### Task directions
Going line by line through the records below, write out everything starting with the line containing "Artist Photographer Timm" and going on through the line containing "05/2017 günstig Kaufen-Castiglion", exactly and inclusively. Pictures do not go in.

### Dataset content
=== Begin Enclosure ===
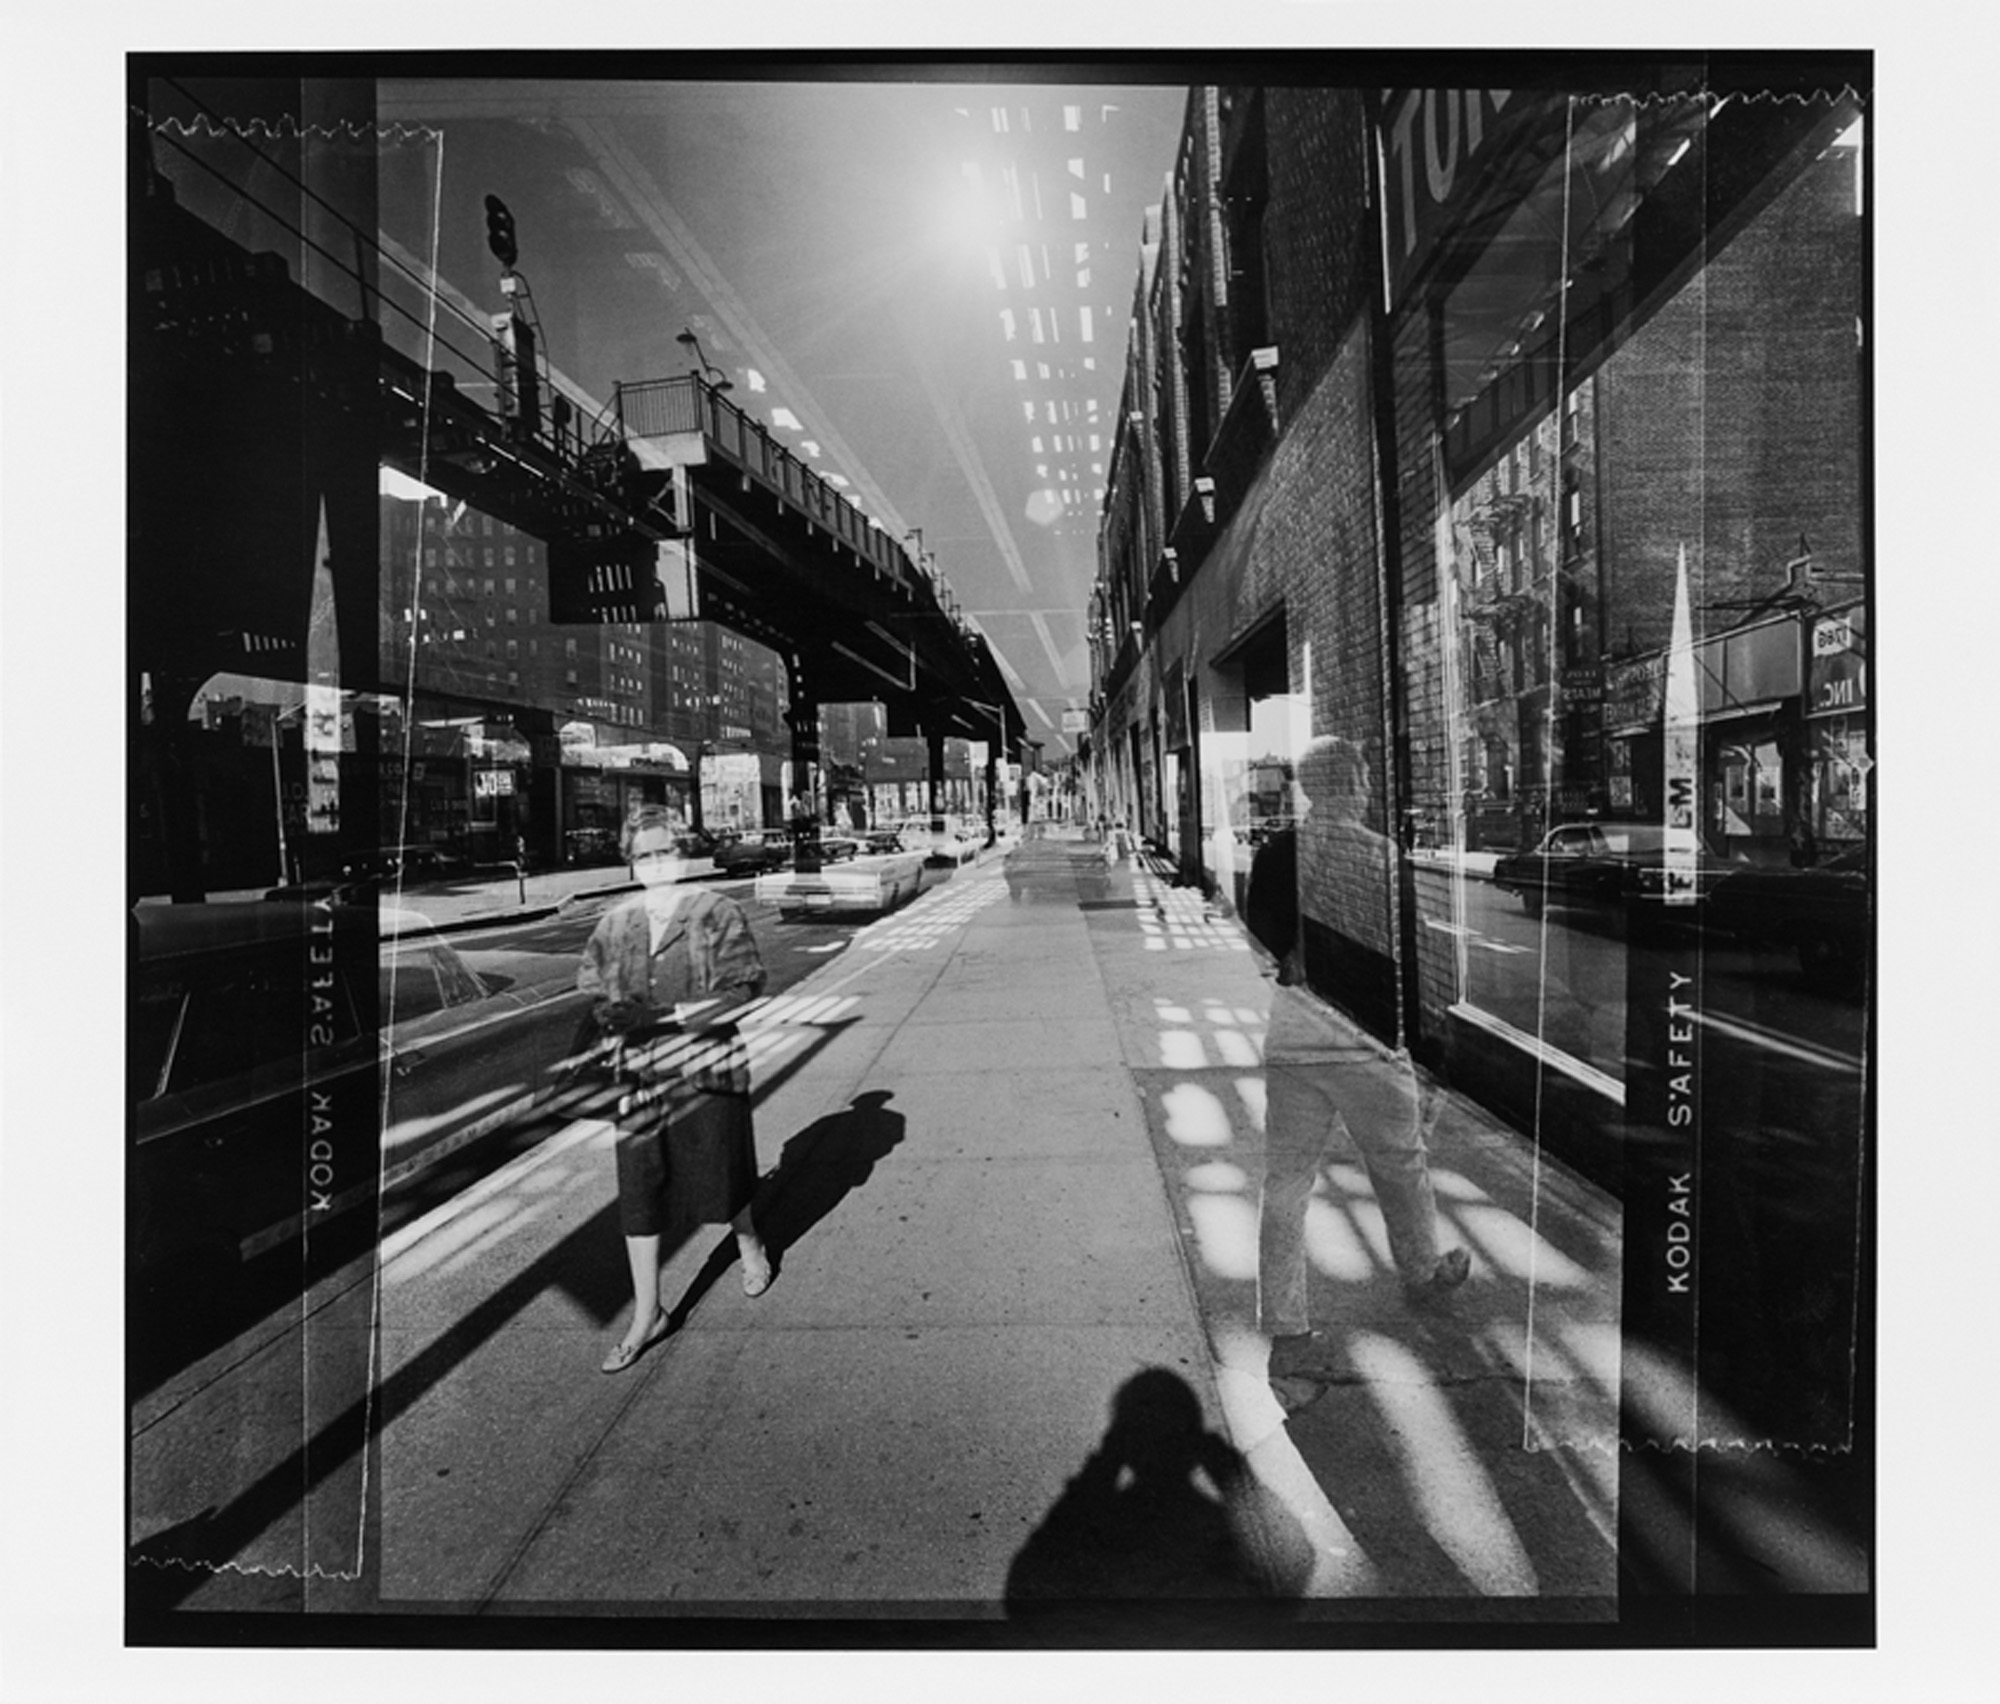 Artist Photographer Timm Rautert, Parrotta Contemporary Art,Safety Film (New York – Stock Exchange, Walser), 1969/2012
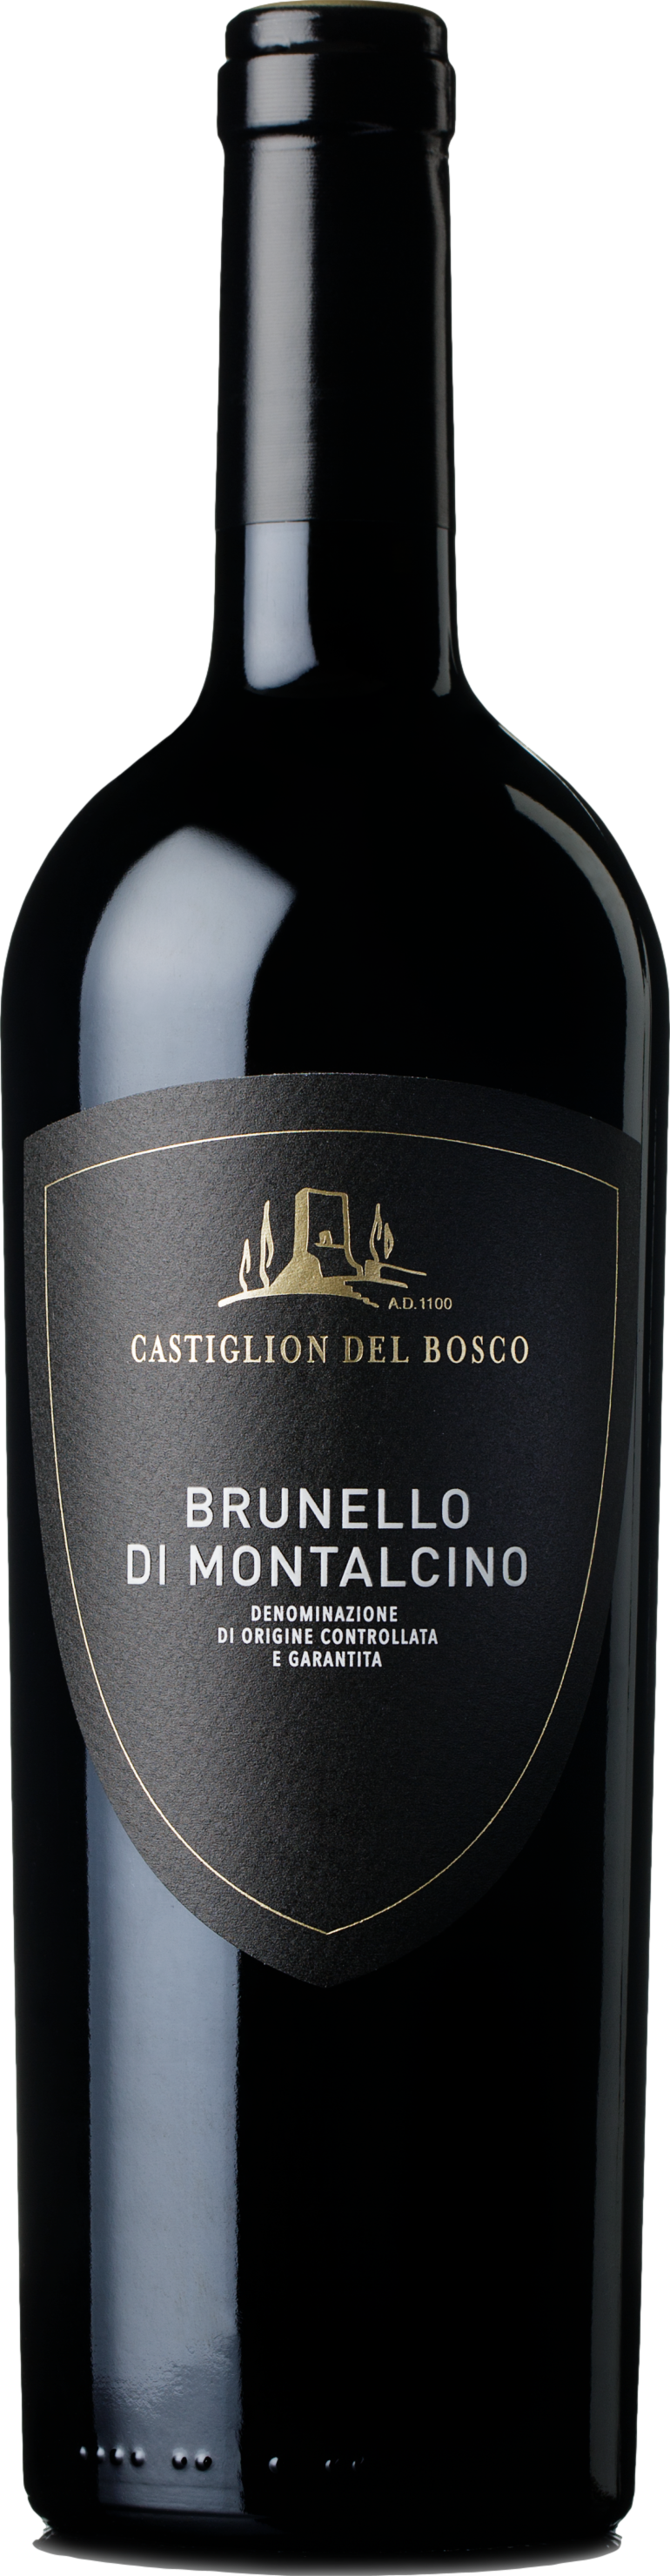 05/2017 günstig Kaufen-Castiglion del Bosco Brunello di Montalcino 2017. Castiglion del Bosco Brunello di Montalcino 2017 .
=== End Enclosure ===
=== Begin Enclosure ===
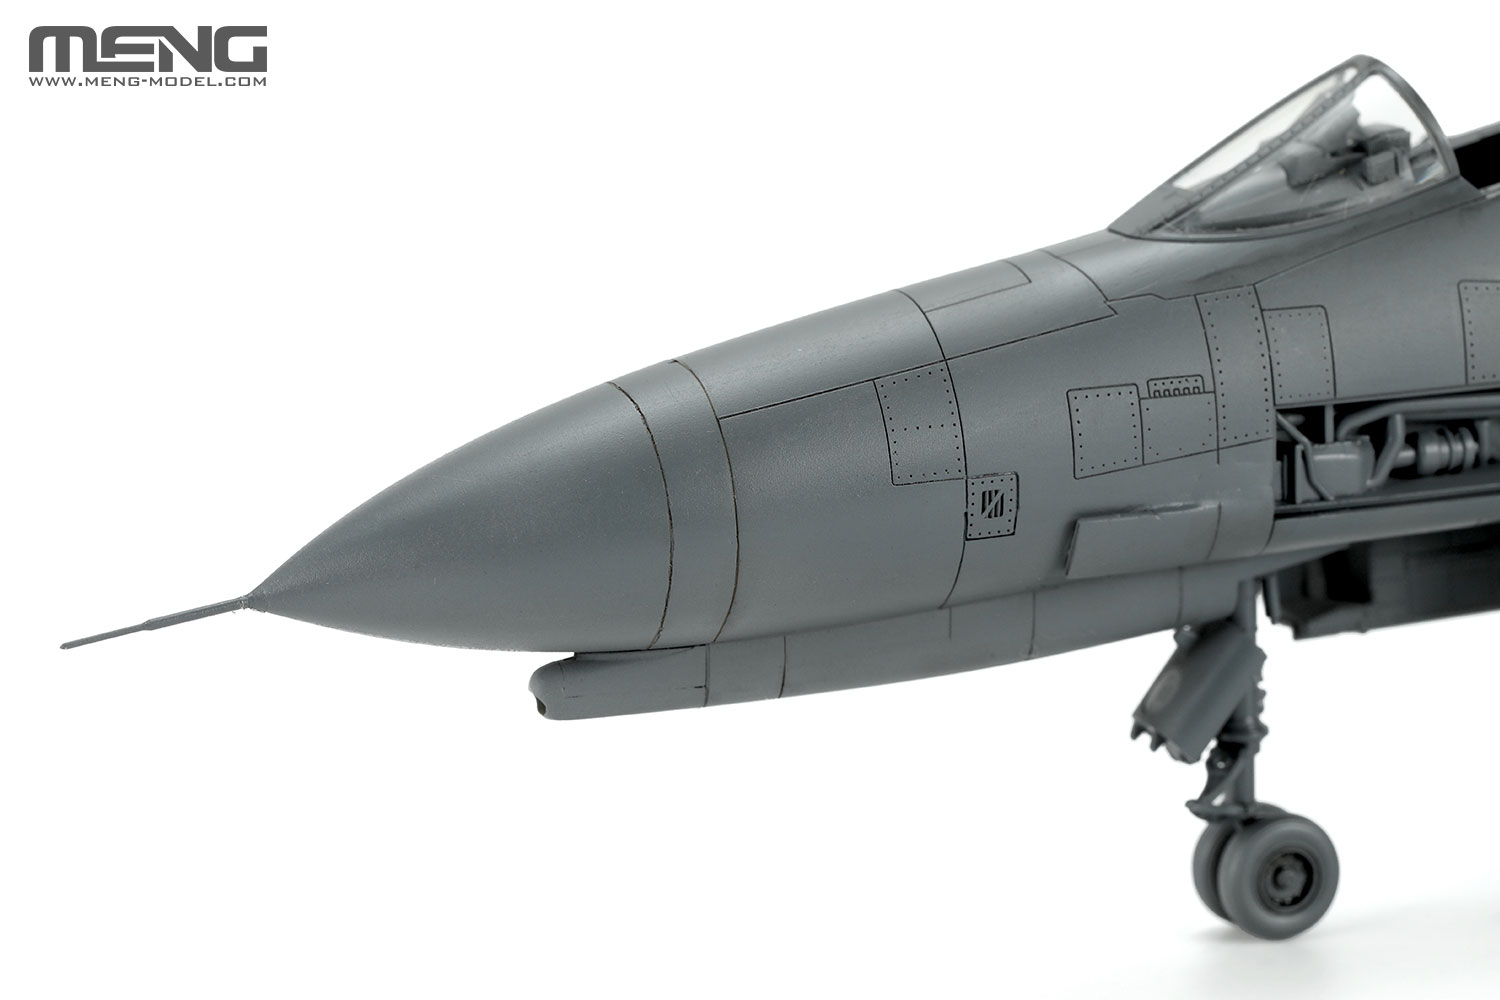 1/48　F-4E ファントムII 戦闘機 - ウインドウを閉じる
=== End Enclosure ===
=== Begin Enclosure ===
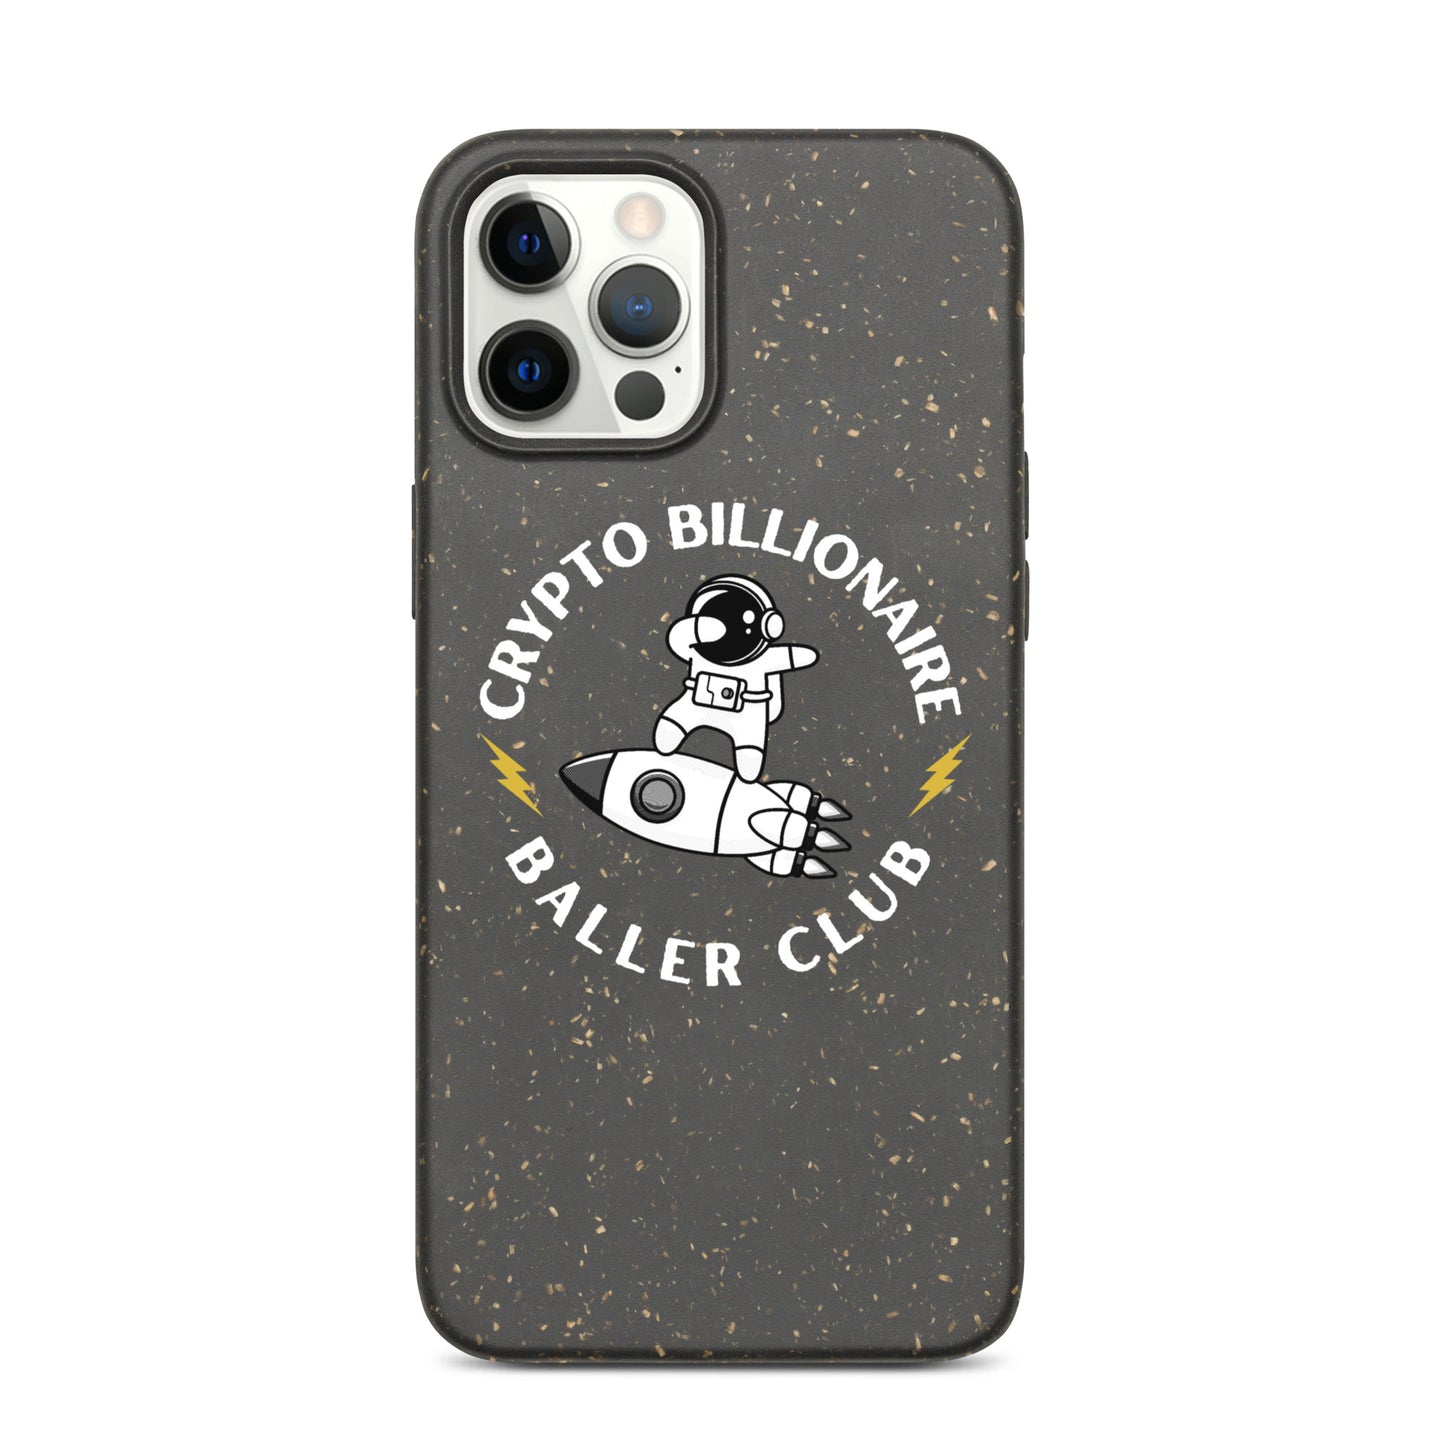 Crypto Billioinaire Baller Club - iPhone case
=== End Enclosure ===
### Finished task
 Artist Photographer Timm Rautert, Parrotta Contemporary Art,Safety Film (New York – Stock Exchange, Walser), 1969/2012
 05/2017 günstig Kaufen-Castiglion del Bosco Brunello di Montalcino 2017. Castiglion del Bosco Brunello di Montalcino 2017 .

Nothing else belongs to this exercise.